Med-CMR: A Fine-Grained Benchmark Integrating Visual Evidence and Clinical Logic for Medical Complex Multimodal Reasoning¶

Conference: CVPR 2026
Paper: CVF Open Access
Code: https://github.com/LsmnBmnc/Med-CMR
Area: Medical Images / Multimodal VLM / Evaluation Benchmark
Keywords: Medical Multimodal Reasoning, VQA Benchmark, Capability Decoupling, LLM-as-Judge, Long-Tail Generalization

TL;DR¶

Med-CMR decomposes "medical multimodal complex reasoning" into 7 categories of tasks across 3 visual dimensions and 4 reasoning dimensions. Using 20,653 VQA items (covering 11 body systems and 12 imaging modalities) doubly audited by human experts and models, it evaluates 18 mainstream MLLMs. The findings show that GPT-5 leads with a 57.81% MCQ accuracy, long-tail generalization is universally recognized as the hardest task, and medically fine-tuned models do not consistently outperform general large models.

Background & Motivation¶

Background: MLLMs are transitioning from demonstrations to clinical workflows. However, existing medical multimodal benchmarks (such as VQA-RAD, Path-VQA, PMC-VQA, OmniMedVQA, and GMAI-MMBench) mostly stop at "perception-level VQA"—asking models to describe an image or retrieve an obvious fact from a short context.

Limitations of Prior Work: This setup hides the truly difficult scenarios in clinical decision-making—subtle low-contrast lesions, cross-modal comparisons, temporal evolution, causal chains linking symptoms/imaging/outcomes, and rare long-tail distributions in textbooks. Consequently, existing benchmarks provide almost no visibility into "complex medical reasoning capabilities" and often only provide a generic overall score, failing to reveal whether a model "cannot see clearly" or "cannot reason properly."

Key Challenge: In clinical practice, "perception" and "reasoning" are coupled—physicians must integrate evidence across time and modalities to make diagnoses under conditions of uncertainty and incomplete information. Mixing these two aspects into a single evaluation score makes it impossible to locate the actual shortcomings of the models.
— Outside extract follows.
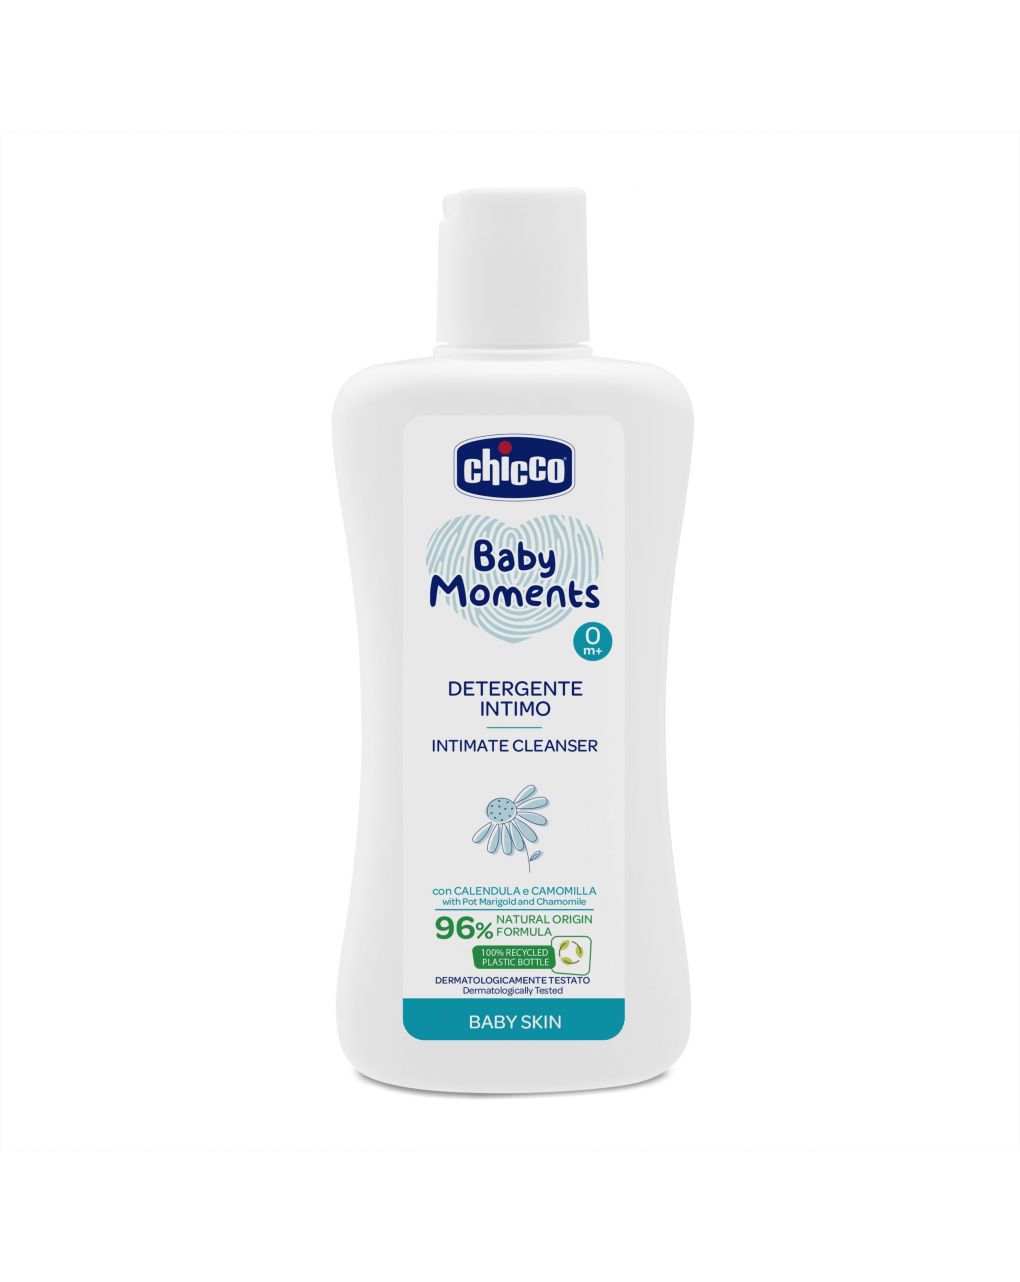 Baby moments detergente intimo chicco baby skin - Prénatal
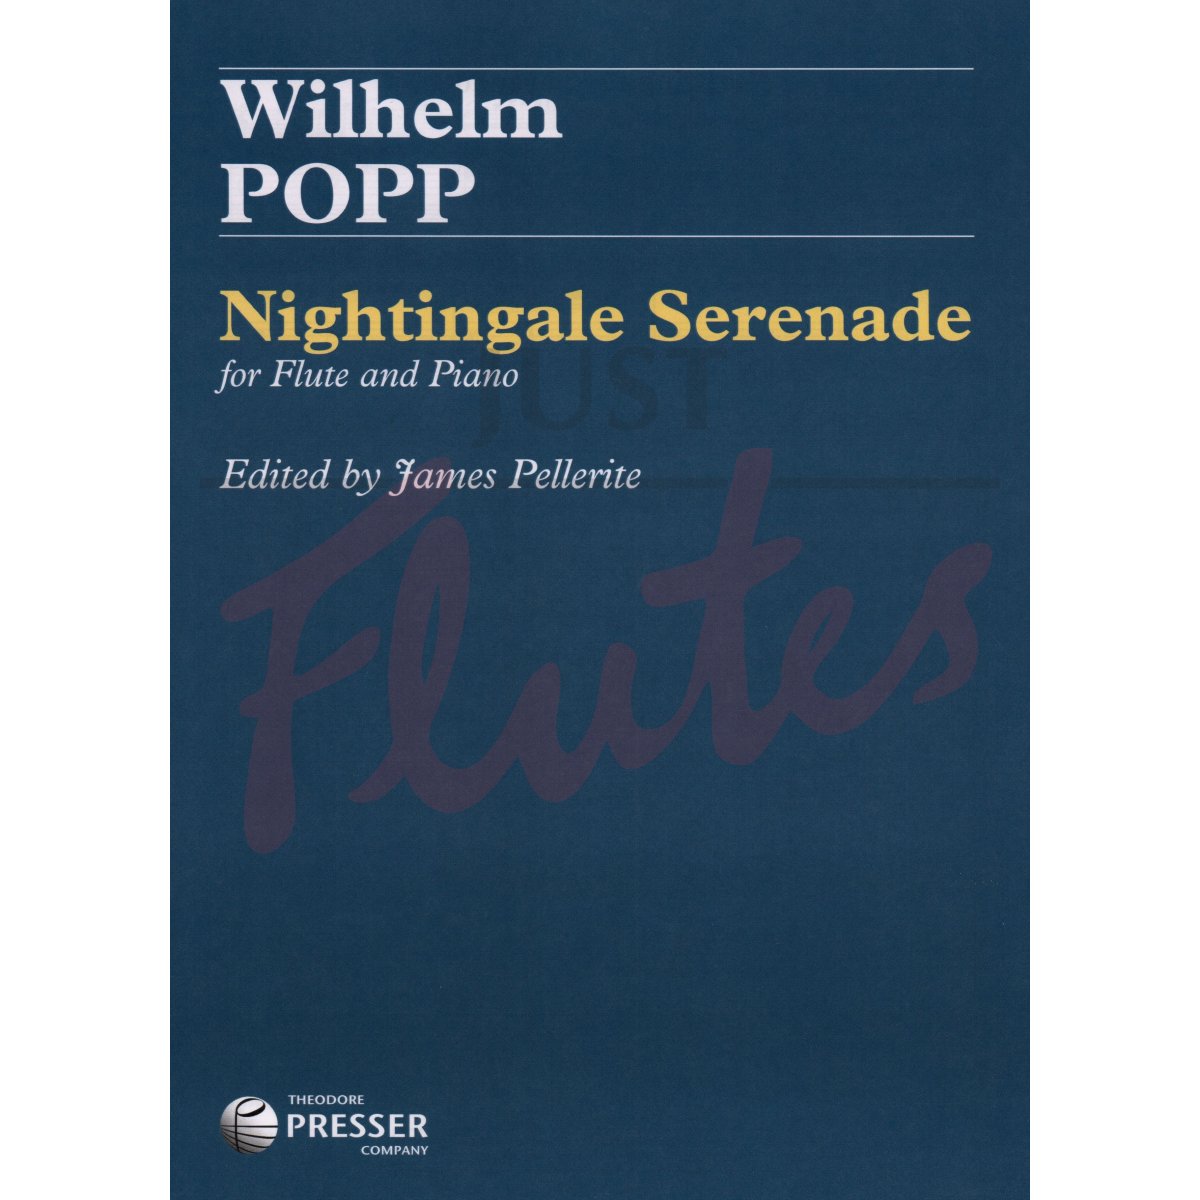 Nightingale Serenade for Flute and Piano

Goal: The authors argue that a qualified complex medical reasoning benchmark must possess three components simultaneously: (1) systematic capability decoupling (separating visual understanding from downstream reasoning, and further subdividing them into clinically meaningful sub-dimensions); (2) clinically aligned and deliberately challenging tasks (focusing on real cases and targeting difficult setups such as temporal prediction, causal reasoning, long-tail generalization, and multi-source integration); (3) broad coverage across organs/modalities/diseases + expert verification to ensure authenticity and interpretability.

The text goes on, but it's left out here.